Exercise prompt →
From the data that follows, print exactly the lines starting at the one containing "Rolex 18038 Day-Date" and ending at the one containing "Вино Smoking Loon"; include both of them and nothing more.

Extracted material →
* * * * *

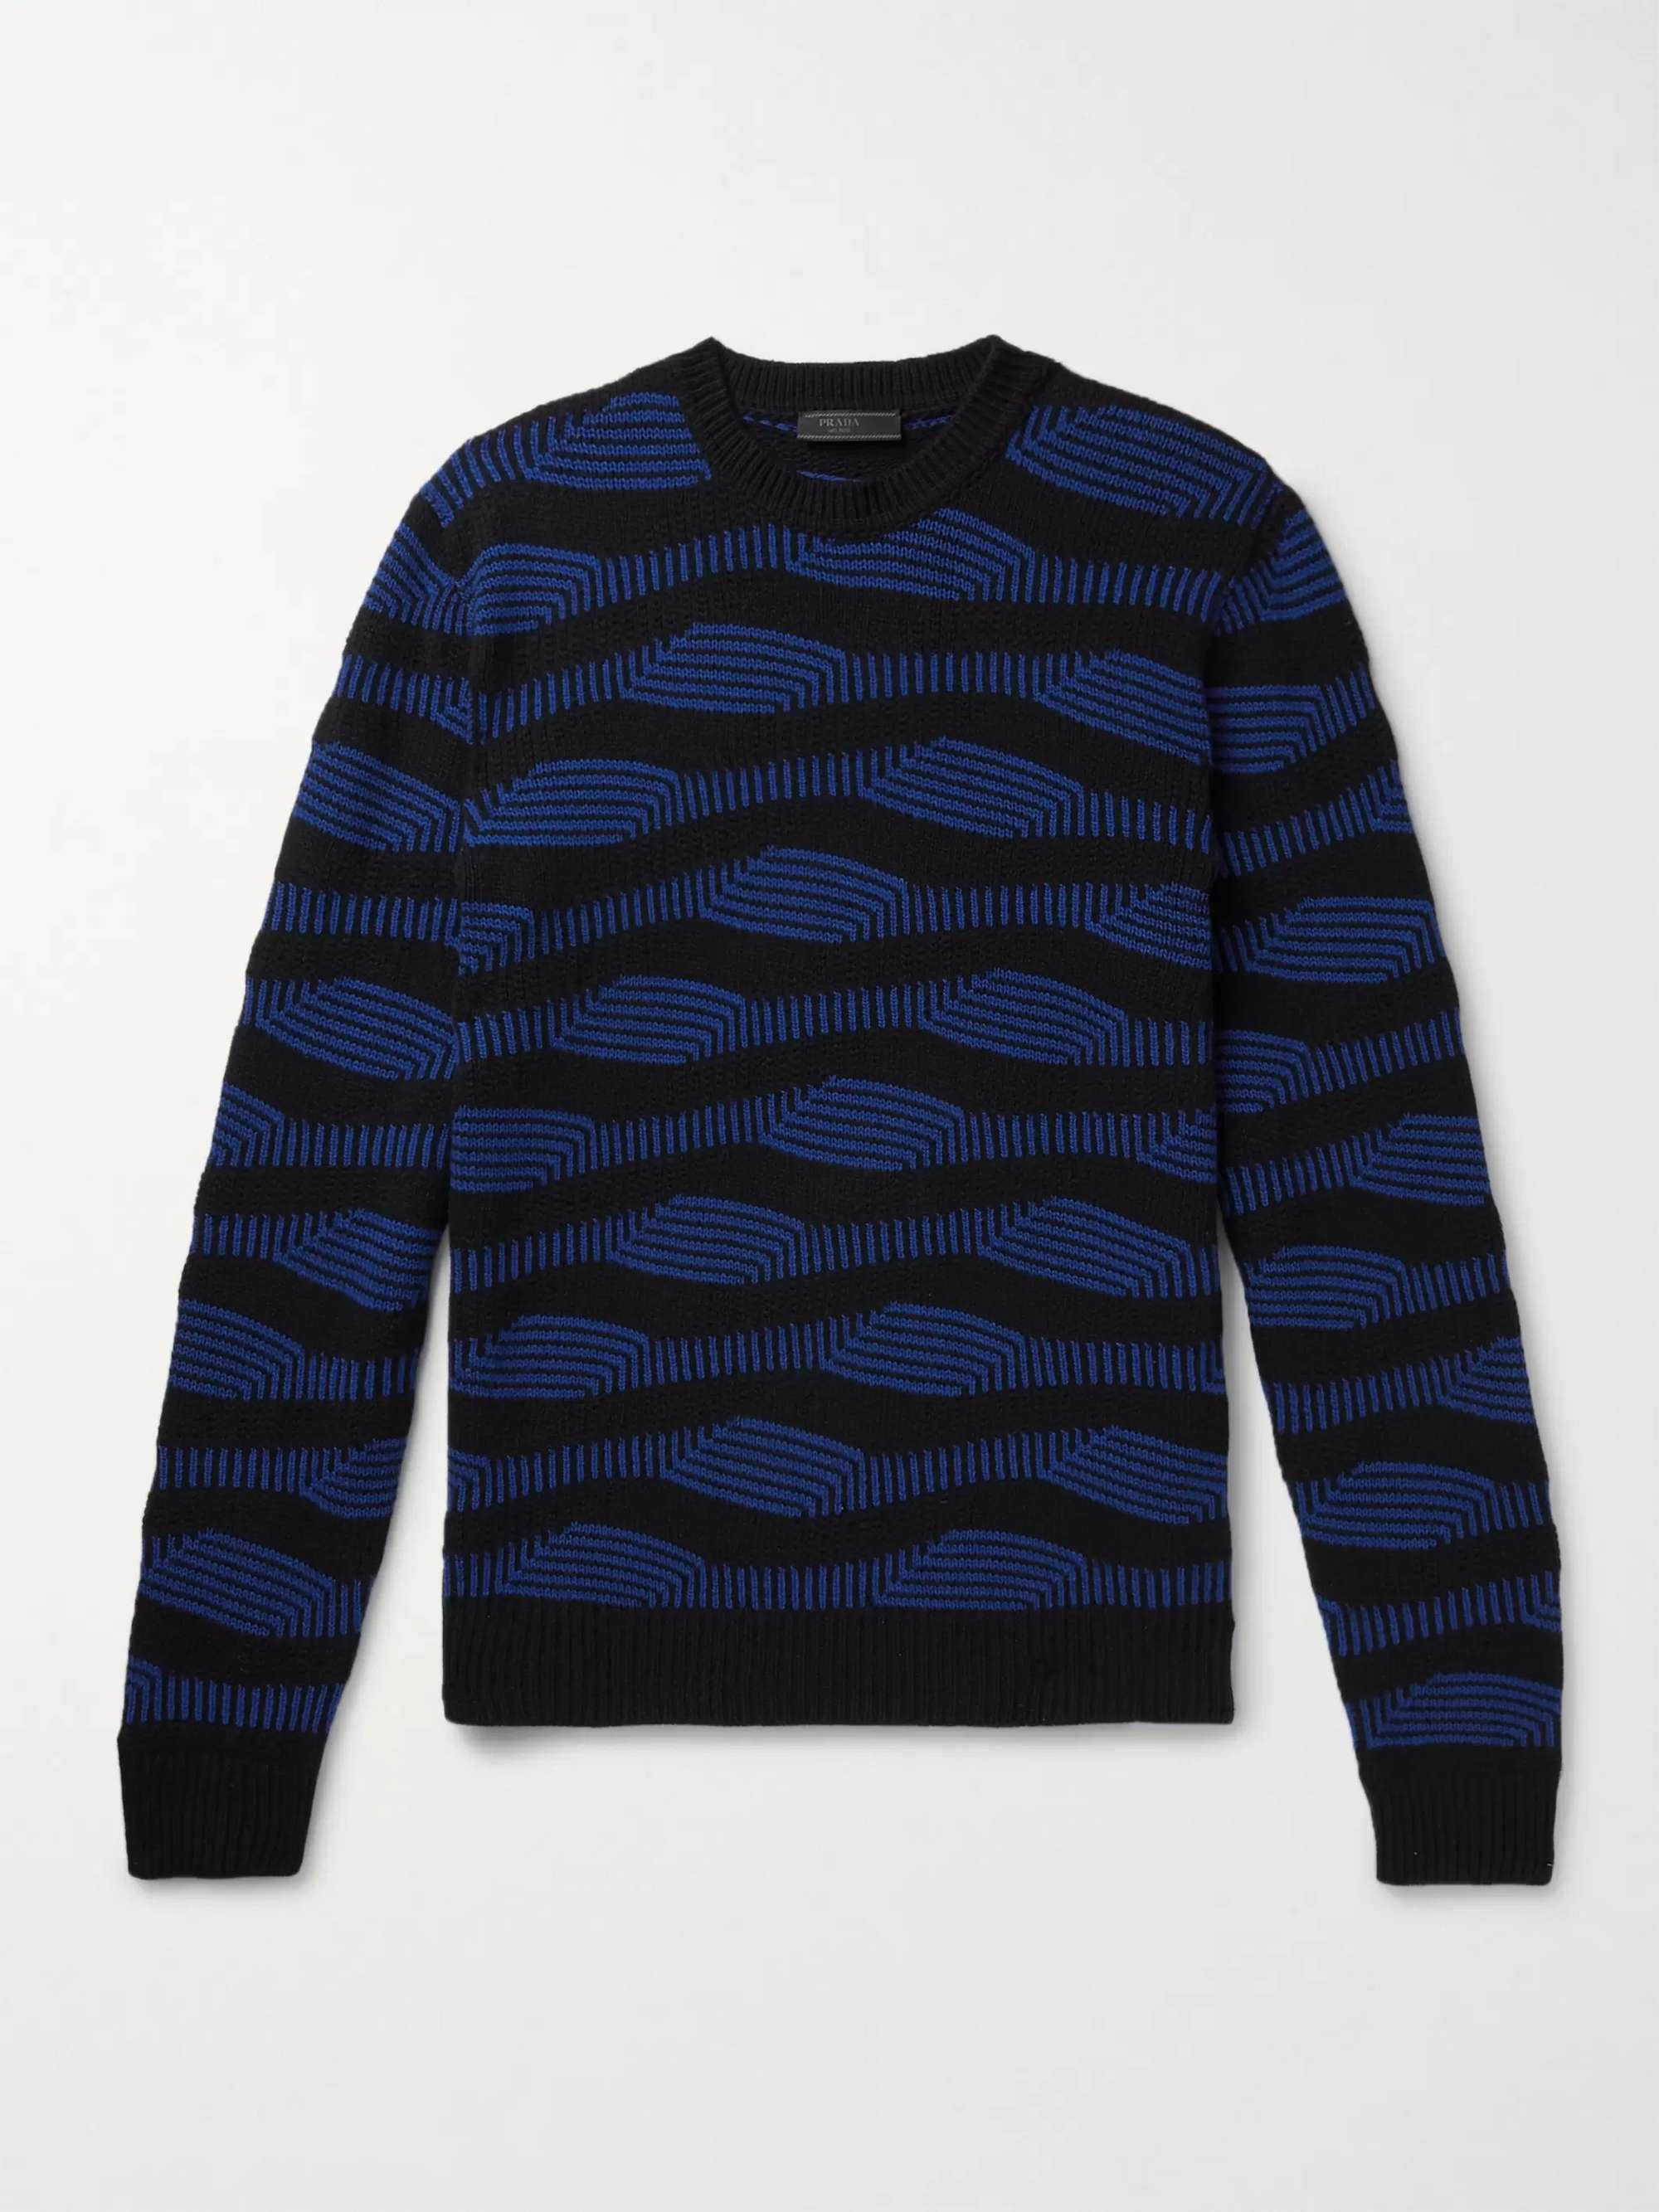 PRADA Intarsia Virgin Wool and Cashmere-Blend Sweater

* * * * *

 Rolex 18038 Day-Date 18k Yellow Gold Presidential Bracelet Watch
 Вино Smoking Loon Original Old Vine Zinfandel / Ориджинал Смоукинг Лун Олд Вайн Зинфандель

* * * * *

Response box →
 Rolex 18038 Day-Date 18k Yellow Gold Presidential Bracelet Watch
 Вино Smoking Loon Original Old Vine Zinfandel / Ориджинал Смоукинг Лун Олд Вайн Зинфандель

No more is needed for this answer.